= Conscription in the Russian Empire =

Conscription in the Russian Empire was introduced by Peter I of Russia. The system was called "conscript obligation" (рекрутская повинность).

==Prior to 18th century==
Russian tsars before Peter maintained professional hereditary musketeer corps (streltsy in Russian) that were highly unreliable and undisciplined. In times of war the armed forces were augmented by feudal cavalry and peasant levies. Peter I introduced a modern regular army built on the German model, but with a new aspect: officers were not necessarily drawn solely from the nobility, but included talented commoners. This new class of officers might eventually be given a noble title upon attaining a certain rank. Conscription of peasants and townspeople was based on settlement and district quotas. Initially these were based on the number of households, later on the population numbers.
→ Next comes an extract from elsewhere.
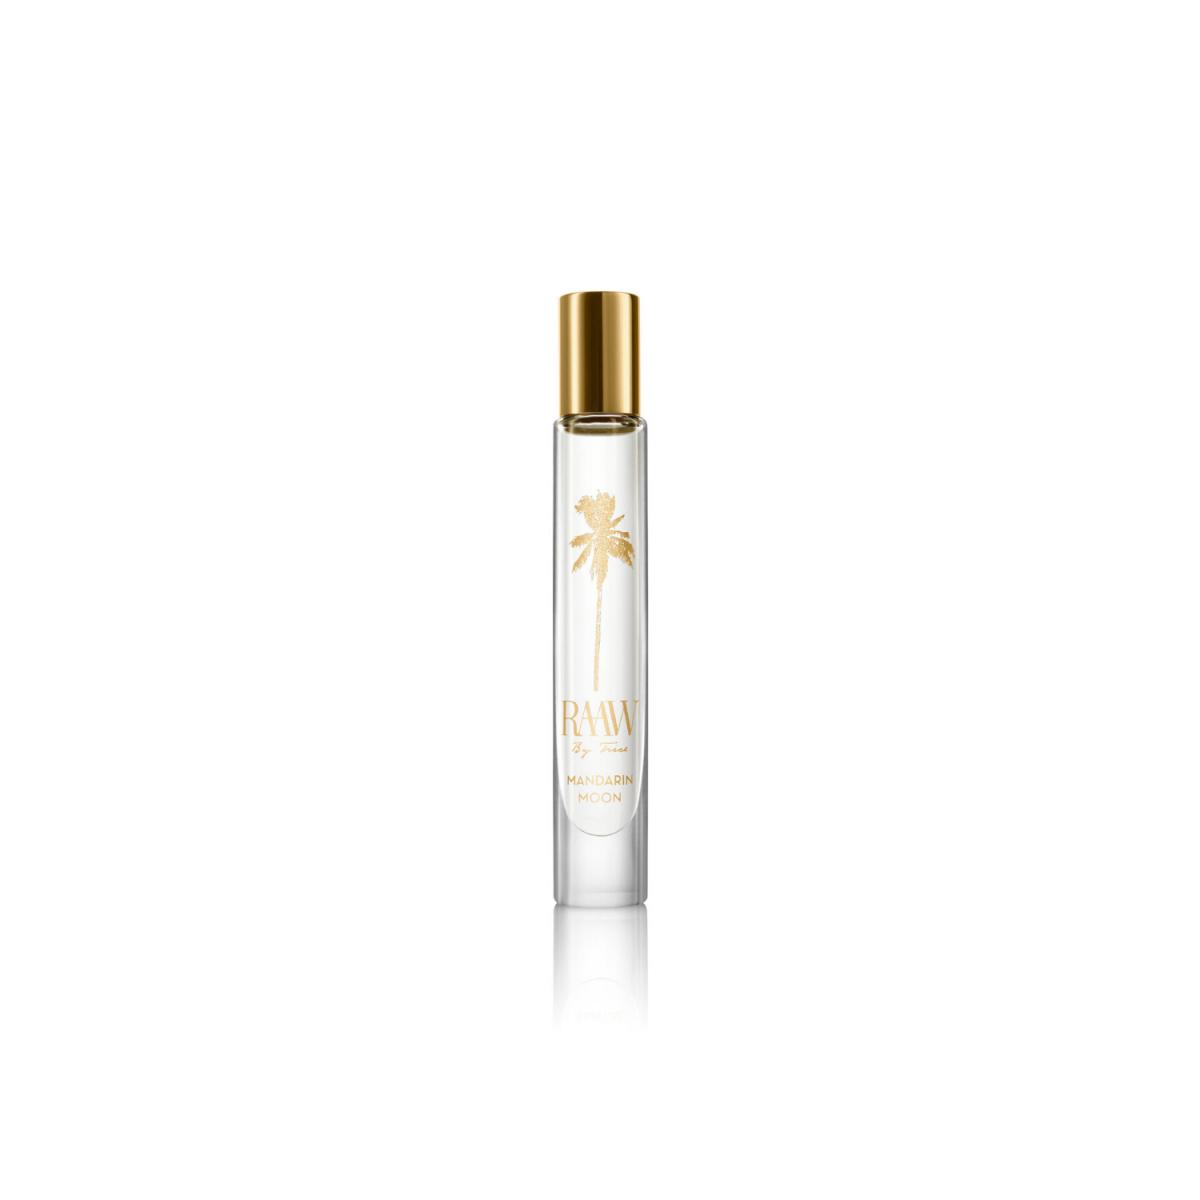 mandarin moon perfume oil

==18th century to Napoleonic Wars==
The term of service during the 18th century was for life. In 1793 it was reduced to 25 years. Individual conscripts were drawn from urban and rural males of Russian nationality who paid poll-tax (including serfs), upon reaching the age of twenty. Because of the large population pool available, exemptions were common with the decisions largely being left to the village elders of each community. The final stage in the selection process involved the drawing of names by lot, according to the actual requirements of the army in any given year. This might mean that virtually no recruits would be required in years where the Empire was at peace and the limited replacements required could be met through the voluntary re-enlistment of veterans nearing the end of their period of conscription. Alternatively, in the critical French invasion year of 1812 three separate levies were needed, calling up a total of fifteen males from every hundred available.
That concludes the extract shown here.